I'm just getting started in the commodity futures markets. In your opinion, what is the most important thing to focus on as I begin trading?

Like holiday shoppers looking for that perfect gift, most beginning investors long for the one-size-fits-all answer to this question. After all, from searching for a good trading opportunity to navigating the intricacies of technical analysis to trying to find the right broker, new futures traders have a lot on their minds. It would certainly be helpful to have one overriding aspect of the process on which to focus.

Throughout the year in this column, we've covered important factors to keep in mind as a new trader, from setting stops to formulating a trading plan. Although these topics are important, there is, in fact, one particular aspect of investing in these markets that should rise to the top of the list for most new traders -- money management. Thanks to the huge leverage involved with trading futures, money management can make or break a new futures trader. After all, the ability to endure losses and stay in the market is really the greatest measure of success for new traders.
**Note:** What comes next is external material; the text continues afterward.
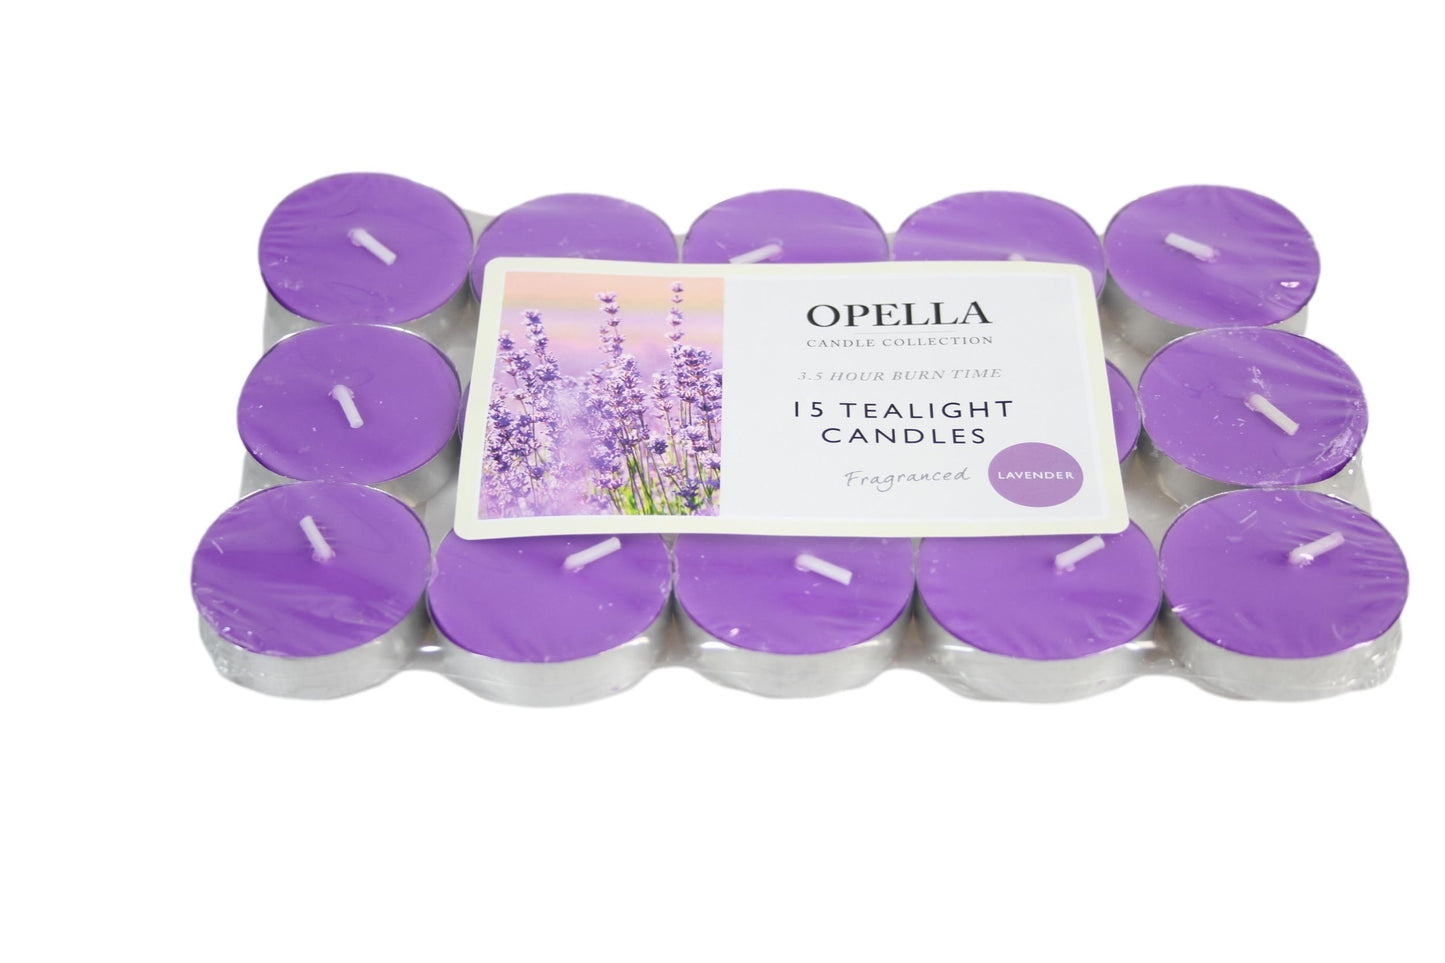 Scented Opella Lavender 12 Tealight Candles 3.5 Hour Burn Time CD001L (Parcel Rate)

And surviving in the futures markets absolutely requires sound money management. New traders -- even those who start out hot -- will eventually find that at least some trades are not going to go their way. Without good money management principles to accommodate those losing trades, there's a high likelihood that early profits won't last, and he'll be out of the market before he knows it. Conversely, a novice trader who uses good, conservative money management techniques will be able to withstand some adversity and live to trade another day.

In fact, some successful futures traders wind up with more losing trades than winning ones at the end of the year. There's only one way to derive trading success from that type of formula -- smart money management. Successful traders set tight stops to get out of losing positions quickly while letting winners ride out the trend. At the end of the day, good money management can allow a few big winning trades to more than offset the numerous small losers.
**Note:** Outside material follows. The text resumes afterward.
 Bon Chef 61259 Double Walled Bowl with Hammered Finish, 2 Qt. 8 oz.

Of course, "good money management" is a relative principle -- even within this dictum, there is no one right answer. Take, for instance, a trader with equity of $4,000 in his account who suddenly finds himself up $3,000 on a corn trade. In this case, he may want to get out with this profit intact to build up his account and better prepare himself for the eventual drawdowns to come.

On the other hand, a trader with a $30,000 account with that same $3,000 winning corn trade may want to let the winner ride a little longer, since taking the profit would not have nearly the impact on his account that it would the smaller-capitalized trader. The temptation for anyone might be to ride the winning trade, but for the first trader, sound money management suggests he should think about getting out now to be better prepared for the future.

Of course, there's nothing wrong with starting out with, or even maintaining, a smaller-capitalized futures trading account. But the smaller the account, the more crucial good money management becomes. So for beginning futures traders, survival should be top priority. Here are five basic money management guidelines you may want to keep in mind:

Commitment: As a rule, smaller-capitalized traders should not commit more than a third of their trading capital to any one trade, while medium- and larger-capitalized traders should not commit more than 10% of capital to one trade. In other words, the larger the trading account, the smaller the commitment should be to one trade. In fact, many observers would suggest that larger trading accounts should not commit more than 3%-5% of capital to one trade.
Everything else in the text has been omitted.